Paul takes out a 15-year loan of 250,000 from his bank. The bank charges interest at 4% p.a. compounded half-yearly. During the first 10 years, Paul repays $11,000 at the end of each 6 months. After that period, Paul will repay $X at the end of each year for the remaining 5 years.
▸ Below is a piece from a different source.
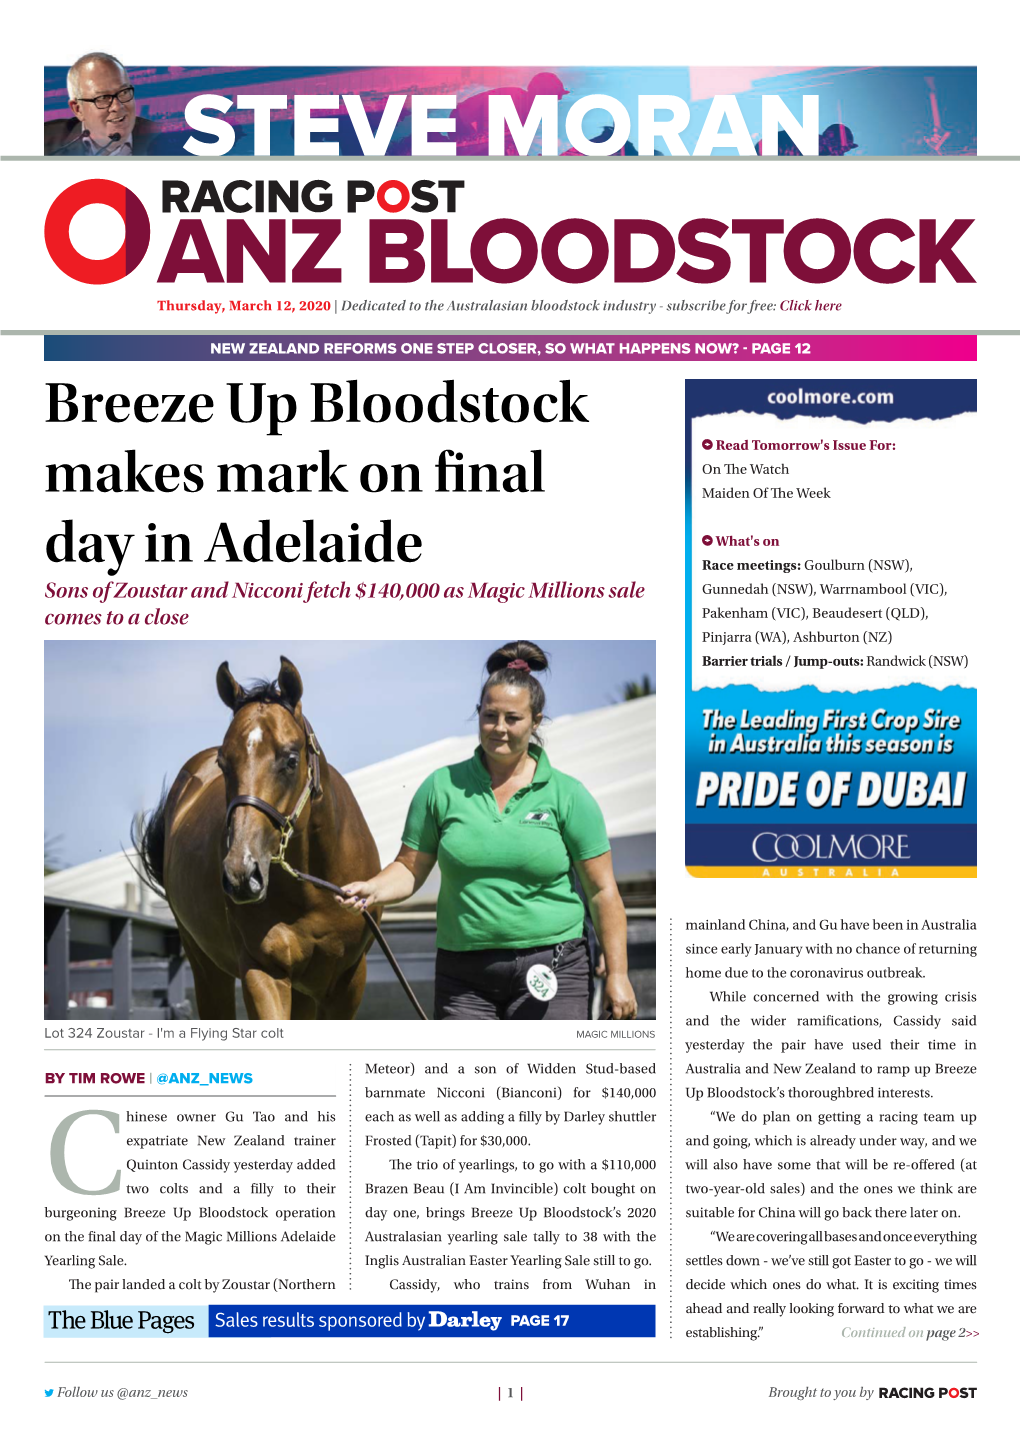 Breeze up Bloodstock Makes Mark on Final Day in Adelaide | 2 | Thursday, March 12, 2020

Which of the following can be used to calculate $X.

Answer 1

Loan Amortization Schedule:

Period	Opening Balance	Instalment	Int	Principal Repay	Closing Balance
1	$ 2,50,000.00	$ 11,000.00	$ 5,000.00	$ 6,000.00	$ 2,44,000.00
2	$ 2,44,000.00	$ 11,000.00	$ 4,880.00	$ 6,120.00	$ 2,37,880.00
3	$ 2,37,880.00	$ 11,000.00	$ 4,757.60	$ 6,242.40	$ 2,31,637.60
4	$ 2,31,637.60	$ 11,000.00	$ 4,632.75	$ 6,367.25	$ 2,25,270.35
5	$ 2,25,270.35	$ 11,000.00	$ 4,505.41	$ 6,494.59	$ 2,18,775.76
6	$ 2,18,775.76	$ 11,000.00	$ 4,375.52	$ 6,624.48	$ 2,12,151.27
7	$ 2,12,151.27	$ 11,000.00	$ 4,243.03	$ 6,756.97	$ 2,05,394.30
8	$ 2,05,394.30	$ 11,000.00	$ 4,107.89	$ 6,892.11	$ 1,98,502.19
9	$ 1,98,502.19	$ 11,000.00	$ 3,970.04	$ 7,029.96	$ 1,91,472.23
10	$ 1,91,472.23	$ 11,000.00	$ 3,829.44	$ 7,170.56	$ 1,84,301.67
11	$ 1,84,301.67	$ 11,000.00	$ 3,686.03	$ 7,313.97	$ 1,76,987.71
12	$ 1,76,987.71	$ 11,000.00	$ 3,539.75	$ 7,460.25	$ 1,69,527.46
13	$ 1,69,527.46	$ 11,000.00	$ 3,390.55	$ 7,609.45	$ 1,61,918.01
14	$ 1,61,918.01	$ 11,000.00	$ 3,238.36	$ 7,761.64	$ 1,54,156.37
15	$ 1,54,156.37	$ 11,000.00	$ 3,083.13	$ 7,916.87	$ 1,46,239.50
16	$ 1,46,239.50	$ 11,000.00	$ 2,924.79	$ 8,075.21	$ 1,38,164.29
17	$ 1,38,164.29	$ 11,000.00	$ 2,763.29	$ 8,236.71	$ 1,29,927.57
18	$ 1,29,927.57	$ 11,000.00	$ 2,598.55	$ 8,401.45	$ 1,21,526.13
19	$ 1,21,526.13	$ 11,000.00	$ 2,430.52	$ 8,569.48	$ 1,12,956.65
20	$ 1,12,956.65	$ 11,000.00	$ 2,259.13	$ 8,740.87	$ 1,04,215.78

Opening Balance = Previous month closing balance
EMI = Instalment calculated
Int = Opening Balance * Int Rate
Principal repay = Instalment - Int
Closing Balance = Opening balance - Principal Repay

Balance to be repaid after 10 Years is 104215.78

Let x be the CF for balance 10 periods ( 5 * 2 periods )

PV of Annuity:

Annuity is series of cash flows that are deposited at regular intervals for specific period of time.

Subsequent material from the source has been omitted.